Select Query on Secondary Replica getting blocked with wait type HADR_DATABASE_WAIT_FOR_TRANSITION_TO_VERSIONING

Environment

-> Application team complained of simple select queries getting blocked. They advised that select queries that return a single row are running indefinitely.

-> These select queries are run against secondary replica. My first guess was that the REDO thread might be blocking these select queries.

-> I tried below query on secondary replica to see if there were any blockings and to my surprise there were no blockings.

select * from sysprocesses where blocked<>0

-> Application team advised that things were working fine before 30 minutes when they were executing the same select queries on primary replica. They are experiencing this issue when they started executing these select queries on secondary replica.

-> This is when I realized that “Readable Secondary” property was set to “Yes” recently as we wanted to move all Read-Only workloads to Secondary replica.

-> I tried executing a simple select that the application team is executing and was able to reproduce the behavior. My session_id was 60. I executed below query to check what this session was doing,

select DB_name(database_id) DBName, session_id,status, wait_type,last_wait_type,blocking_session_id 
from sys.dm_exec_requests where session_id =60

-> Wait type “HADR_DATABASE_WAIT_FOR_TRANSITION_TO_VERSIONING” happens when a query on object(s) in a readable secondary database of an Always On availability group is blocked on row versioning while waiting for commit or rollback of all transactions that were in-flight when the secondary replica was enabled for read workloads. This wait type guarantees that row versions are available before execution of a query under snapshot isolation. Please check this article for more details.

-> It is clear that the queries on secondary replica will be blocked when all active transactions active on primary replica at the time of enabling readable secondary have been committed and processed on the secondary replica.

-> I communicated this to the application team and understood from them that there are some active updates executing on Primary replica. I check the primary replica and was able to see the update statement active.
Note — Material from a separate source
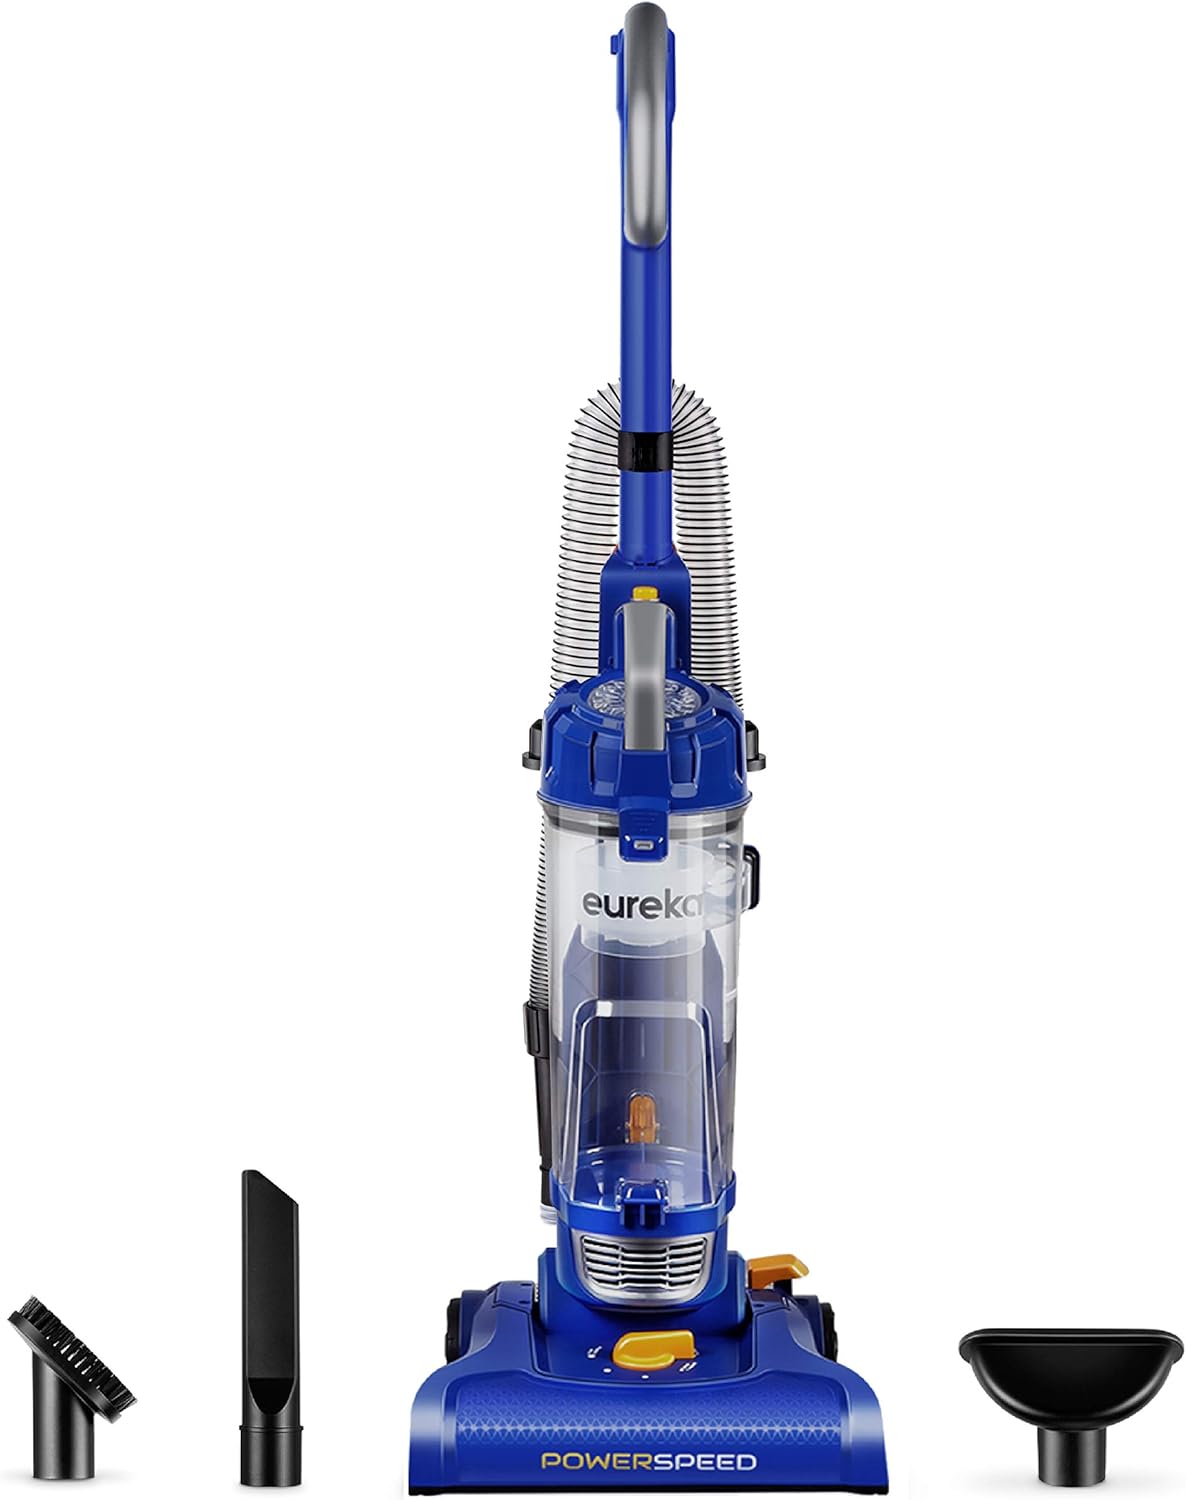 Eureka NEU182A Review: Powerful and Lightweight Vacuum Cleaner for Efficient Cleaning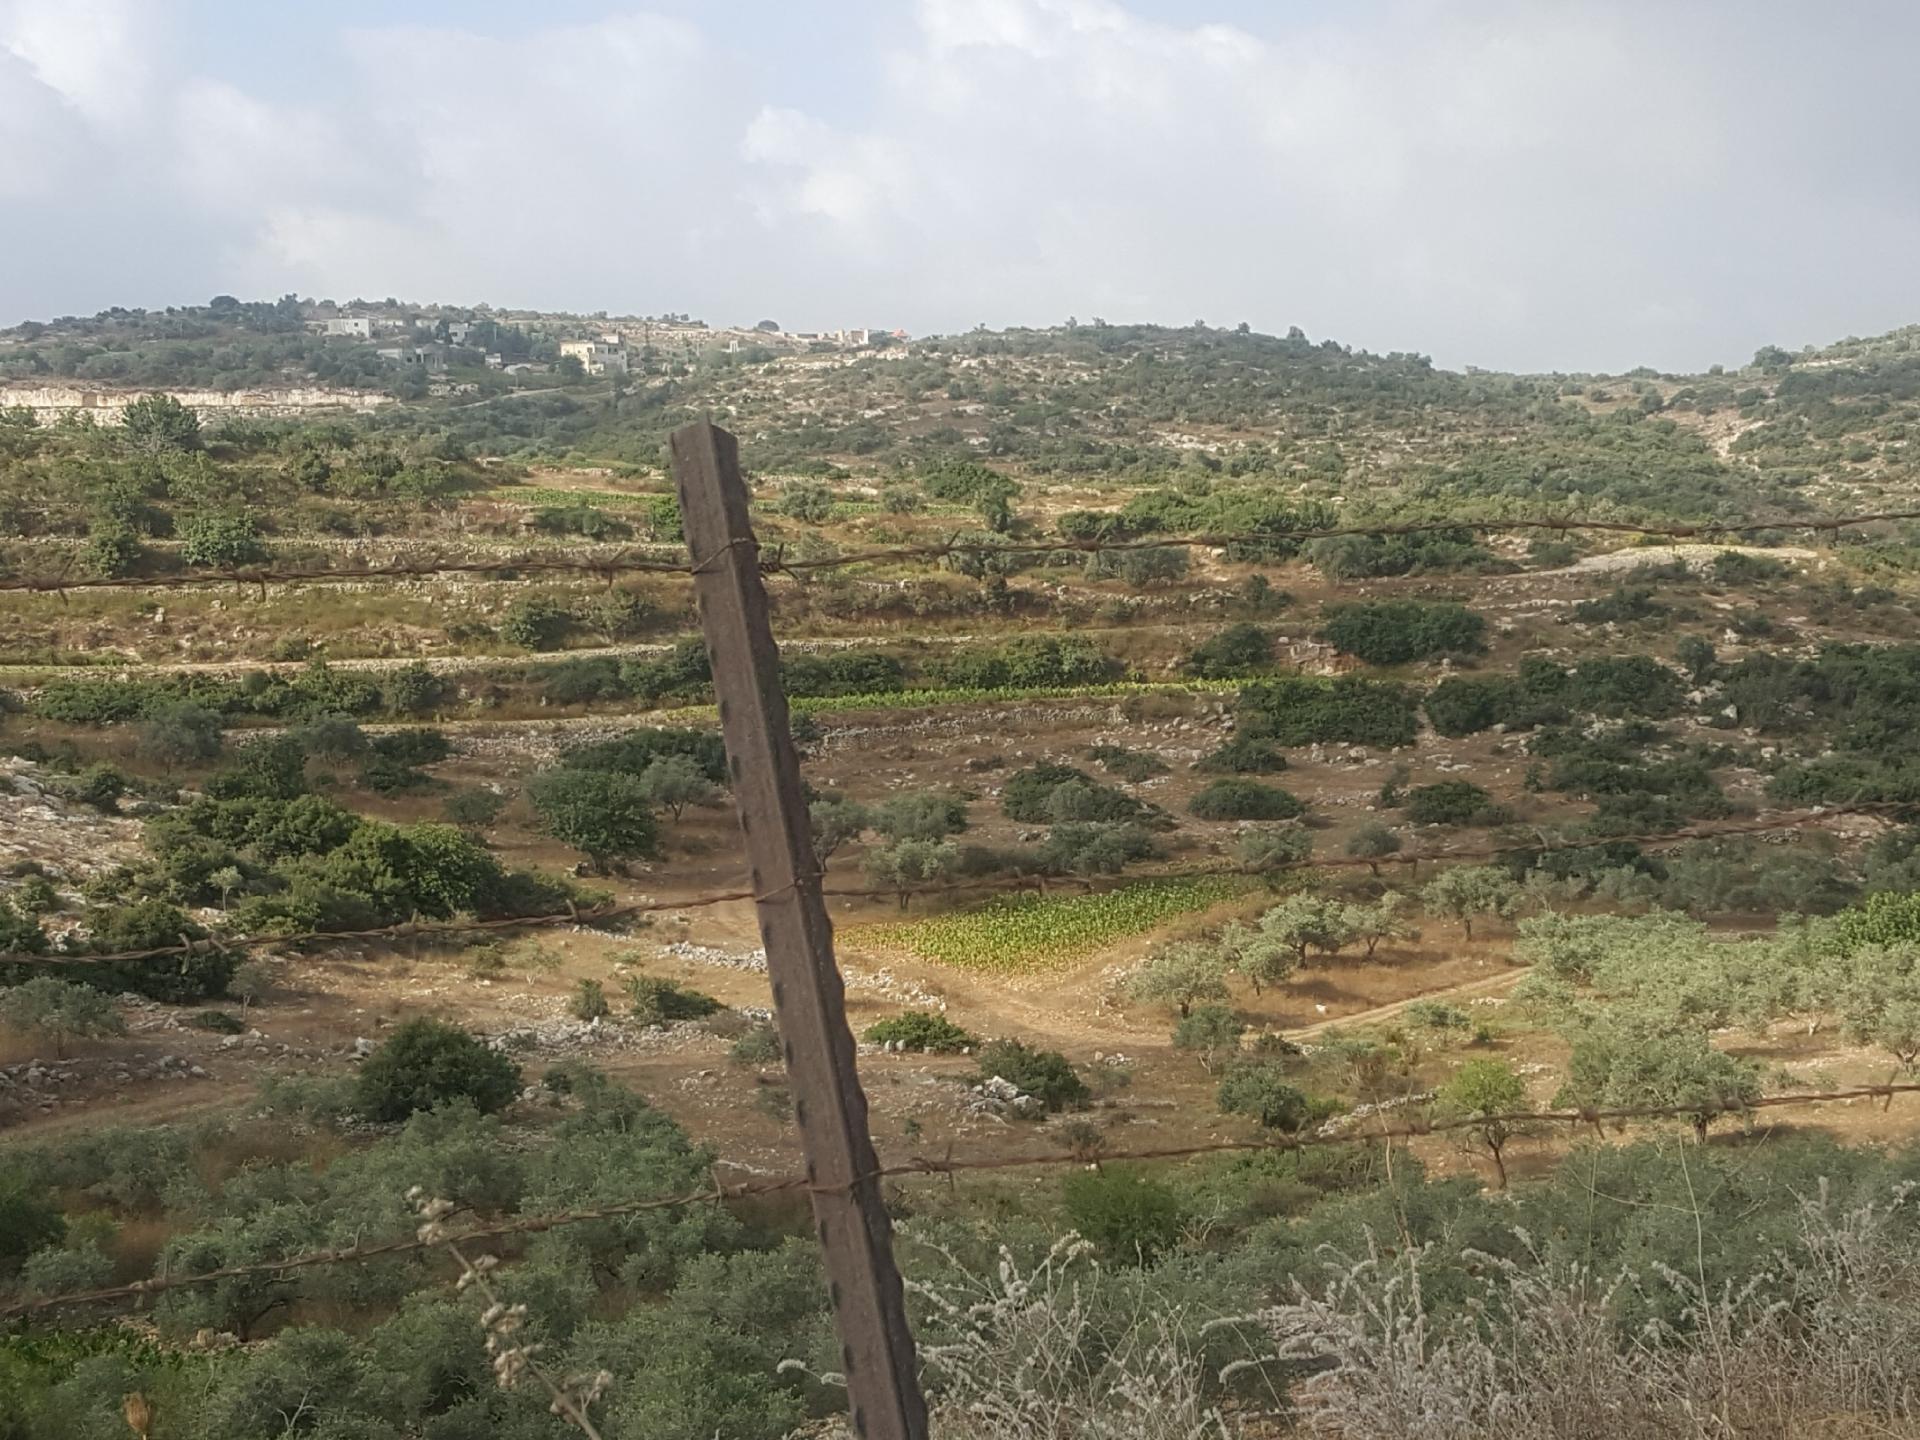 Barta'a Checkpoint – The view over the barbed wire fence and the occupation

-> We waited for the update to complete and made sure the databases as part of Availability group are synchronized. After this we were able to execute the select statement without any issues.

-> From this instance we started enabling “Readable Secondary” during after business hours or during few/NO user activity.

Hope this helps!!!

Thank You,
Vivek Janakiraman

Disclaimer:
The views expressed on this blog are mine alone and do not reflect the views of my company or anyone else. All postings on this blog are provided “AS IS” with no warranties, and confers no rights.

Troubleshooting REDO queue or Recovery queue build-up on Always On Readable Secondary Replica due to Blocked REDO thread

Environment

-> REDO Queue size has reached 12 GB and estimated data loss seems to be close to 22 Minutes.

-> Executed below query to check the REDO thread sessionid on Secondary replica,


SELECT db_name(database_id) as DBName,
session_id FROM sys.dm_exec_requests
WHERE command = 'DB STARTUP'
GO

-> Checked on the secondary if there were any sessions blocking the redo thread,

select * from sysprocesses where blocked>0

-> It seems like SPID 172 is blocking the redo thread. SPID 172 is a select statement. I tried terminating spid 172, but was able to see another select statement taking up its place.

-> There were several Read-Only queries running on secondary replica and these select queries seems to be blocking the redo thread.

-> On the primary replica, Application team is executing a huge write query on a object called Table that is pushing the REDO thread on secondary replica to work hard and harden the data to database.

-> The redo thread on Secondary replica acquires schema modification (Sch-M) locks on the secondary database to make any DDL changes that are performed on primary replica. On the secondary replica, the read-only queries acquire schema stability (Sch-S) locks to process the query. In our case the redo thread is not able to acquire schema modification (Sch-M) locks as the select queries has already acquired schema stability (Sch-S) locks and this is the reason why we were experiencing blocking.

-> We decided to stop the Read-only queries on secondary replica as the operation on primary was more important and also dont want to get into a data loss situation in an event a failover is required.

-> Always on availability group is configured with “Readable Secondary” set to Yes,

-> We decided to change “Readable Secondary” to NO for time being till the REDO queue catches up.

-> Once above change was completed, as expected there were no select queries on secondary replica and the REDO thread started to move forward and there were no blockings.

-> Downside to this change is that all currently executing select queries on the secondary replica will be terminated and also any new read-only workload will have to utilize the primary replica and this could increase the load on Primary replica. All these risks were communicated with application team and a decision was taken to change “Readable Secondary” to NO.

-> Within 15 minutes Redo queue size was under control and we changed “Readable Secondary” back to YES as the write operation on Primary replica also completed fine.

Thank You,
Vivek Janakiraman

Disclaimer:
The views expressed on this blog are mine alone and do not reflect the views of my company or anyone else. All postings on this blog are provided “AS IS” with no warranties, and confers no rights.